Глазунов, больной и усталый, а потом осовевший после ужина, засыпавший, — начисто проснулся, вытаращив глаза, слушал и хохотал чуть ли не больше всех. Долго аплодировали после.
Глазунов сказал:
— Вот, приглашай вас в театр, — а потом, на поди, что получается!
М.А. сказал:
— Я ведь актеров не трогаю.
М.А. слышал, что вернули в Большой театр арестованных несколько месяцев назад Смольцова и Кудрявцеву — привезли их на линкольне... — что получат жалованье за восемь месяцев и путевки в дом отдыха.
А во МХАТе, говорят, арестован Степун.
Сегодня мы ездили на Истру, туда, где вахтанговцы нам дали, или вернее, продали, дачный участок. Нам предлагает доктор Аникин (рекомендация Русланова) купить у него половину дачи. Но при этом с теперешним этим совладельцем — у Аникина суд. Непонятно. М.А., конечно, сразу оценил положение и сказал, что уж если строиться, то только самостоятельно. Местность очень хорошая, тишина, благодать. А как бы хорошо, действительно, иметь возможность приезжать на дачу из Москвы, жить в этой тишине. Но... не верится даже, что осилим. Подумать только, у М.А. написано двенадцать пьес, — и ни копейки на текущем счету. Идут только две пьесы — в одном театре. Откуда — отложить?
13 сентября.
Днем М.А. в консерватории с балетной группой по «Светлане» (чей-то новый балет). Самосуд его не хочет пропускать, а балетная группа уже сделала много. Головоломка.
14 сентября.
После долгого перерыва звонила Лида Ронжина, сказала, что и брат и дочь у нее арестованы, что на руках у нее остался маленький внук. Просила меня зайти.
Вчера «Светлана», а сегодня вечером М.А. у Мордвинова на заседании — по поводу поправок в либретто «Волочаевские дни».
15 сентября.
Опять работа в Большом над либретто (гусевским).
16 сентября.
Около половины первого ночи, когда у меня сидел Дмитриев, вернулся М.А. из балетного техникума — опять возня с исправлениями «Светланы» (оказывается, музыка Клебанова, либретто — Жиго).
Сильнейший ливень весь вечер и часть ночи. М. А-ча привез Габович в своей машине, он же за ним и заезжал.
М.А. приехал с мигренью.
18 сентября.
Вчера М.А. вернулся поздно от Лепешинской, где балетная группа, вместе с ней и М.А., опять ломали голову все над той же «Светланой» — рассыпается в руках либретто.
Усталость М.А., безнадежность собственной работы.
Сегодня обедал у нас Яков Леонтьевич. Я накрыла красиво стол, Яков привез пломбир.

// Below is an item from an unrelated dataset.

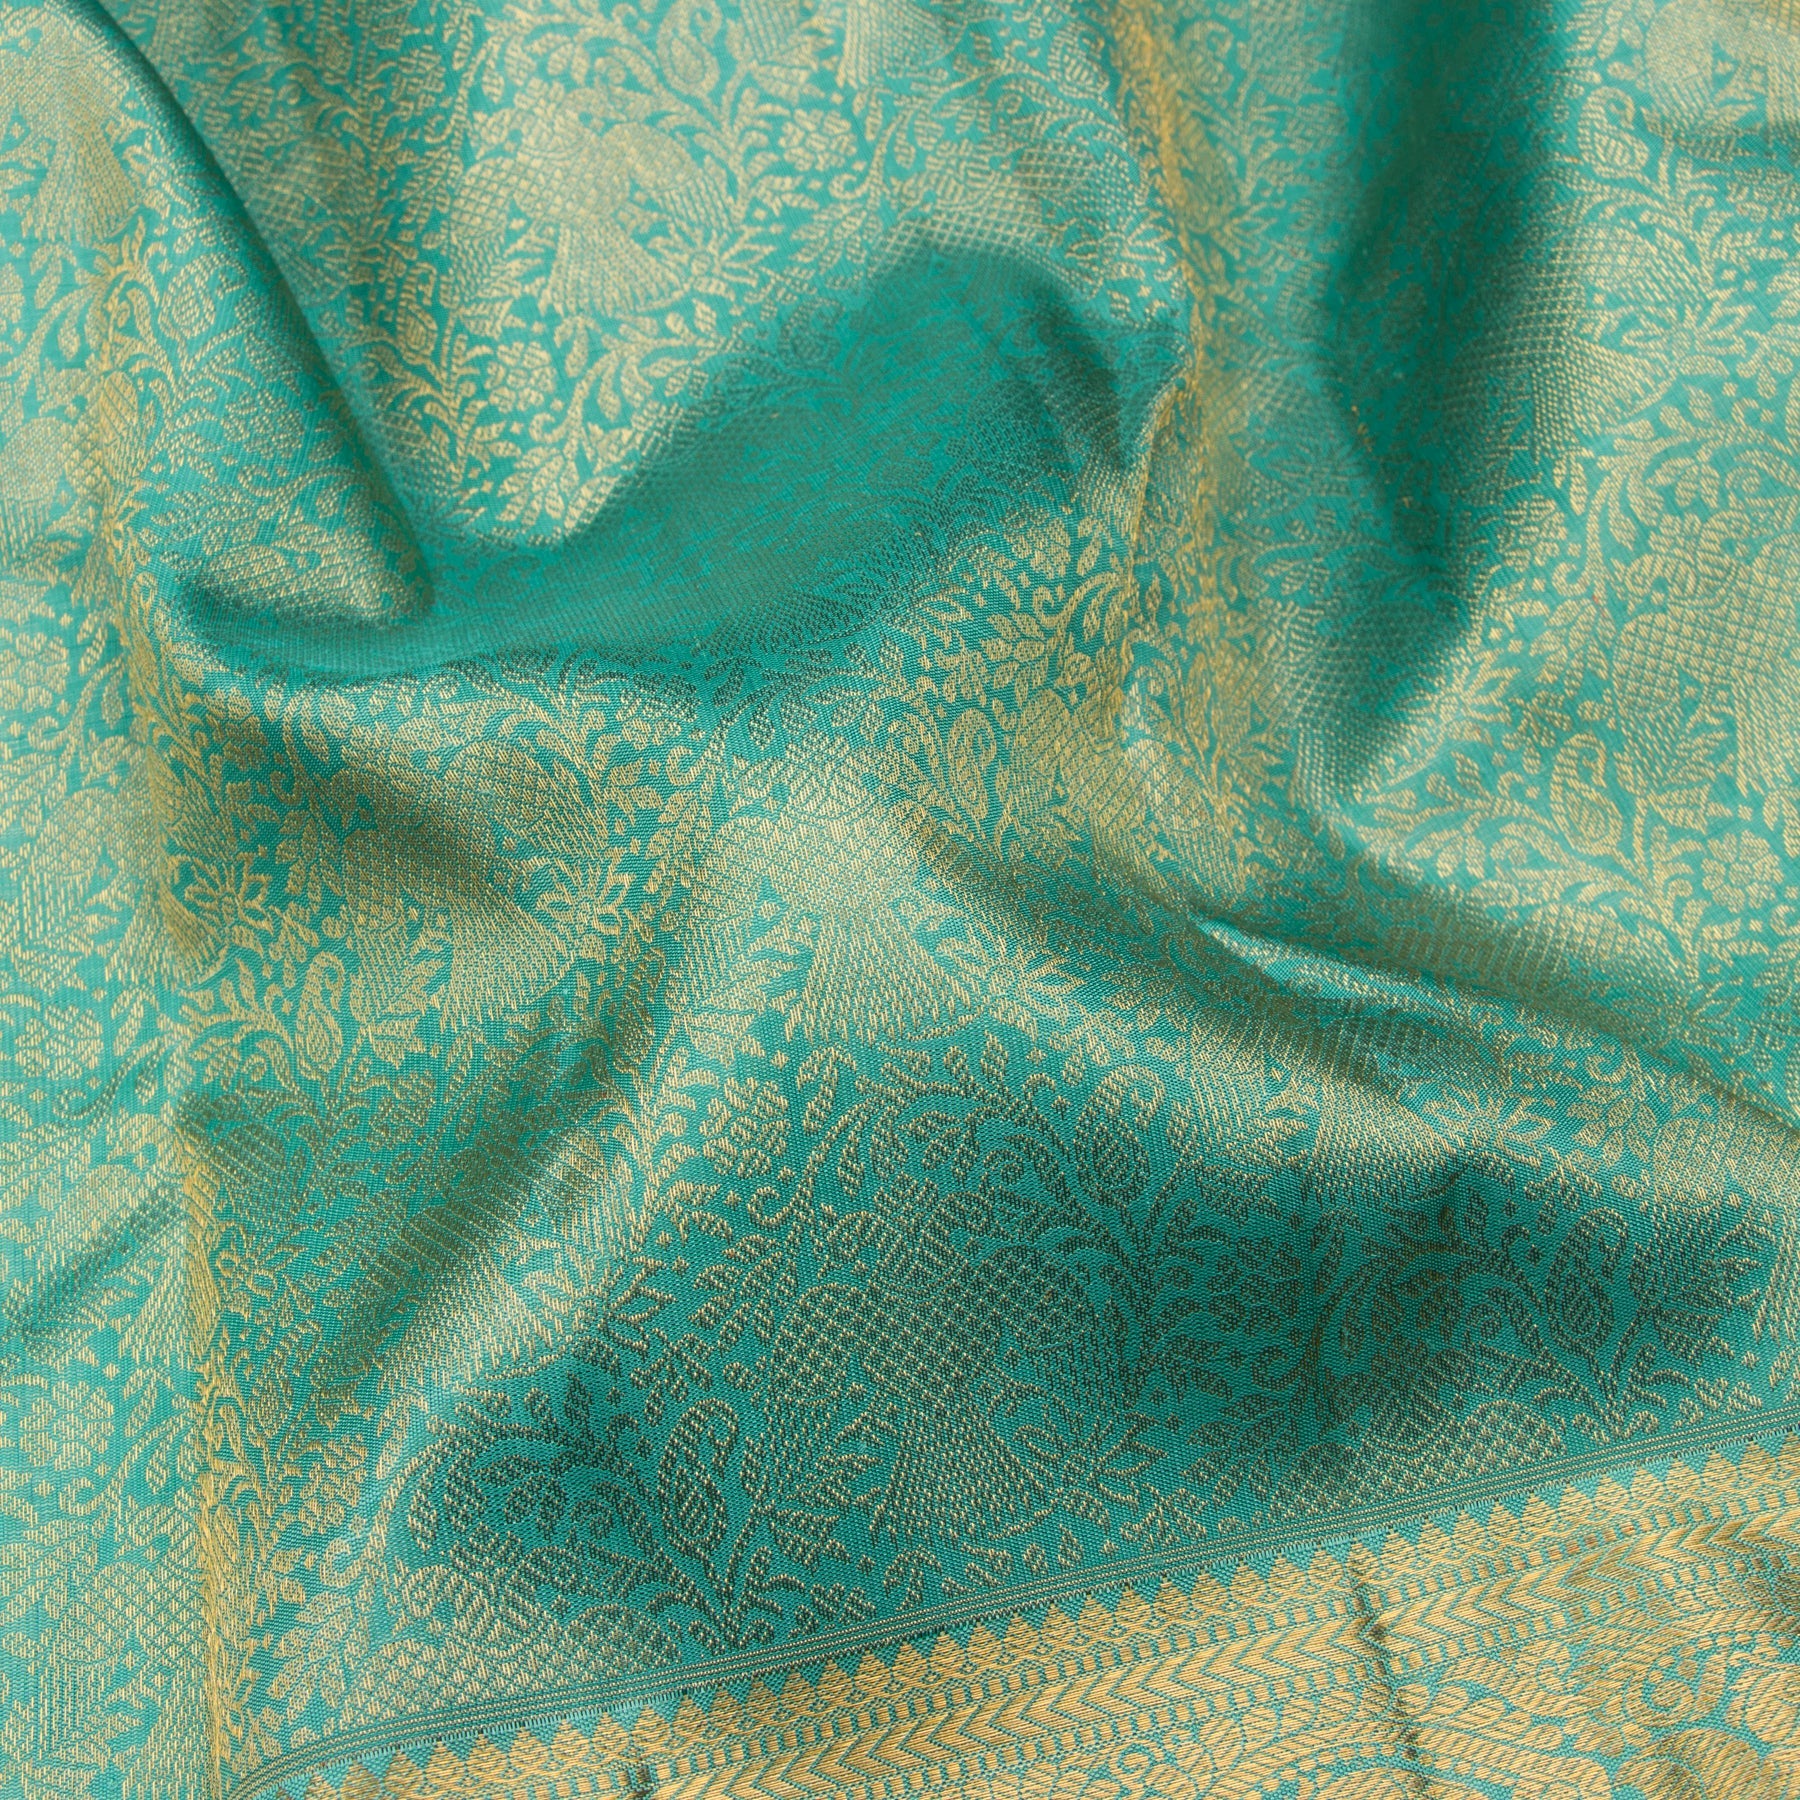 Kanakavalli Kanjivaram Silk Sari 23-110-HS001-08315 - Fabric View

Были ребята — Сергей и Женичка. Смотрели в рот — Мише и Якову — все время ожидая смешных вещей, — как чеховский дьякон.
19 сентября.
Утром звонок по телефону из Вахтанговского театра, приехал кто-то из дирекции Свердловского театра, хочет поговорить с М.А. относительно пьесы.
— Которой? — спросила я.
— «Дон-Кихота», — после паузы удивленно ответил этот приезжий — Георгиевский.
Условились, что напишет из Свердловска.
А вечером Акимов Ник. Пав. звонил — о том же. Приедет завтра утром.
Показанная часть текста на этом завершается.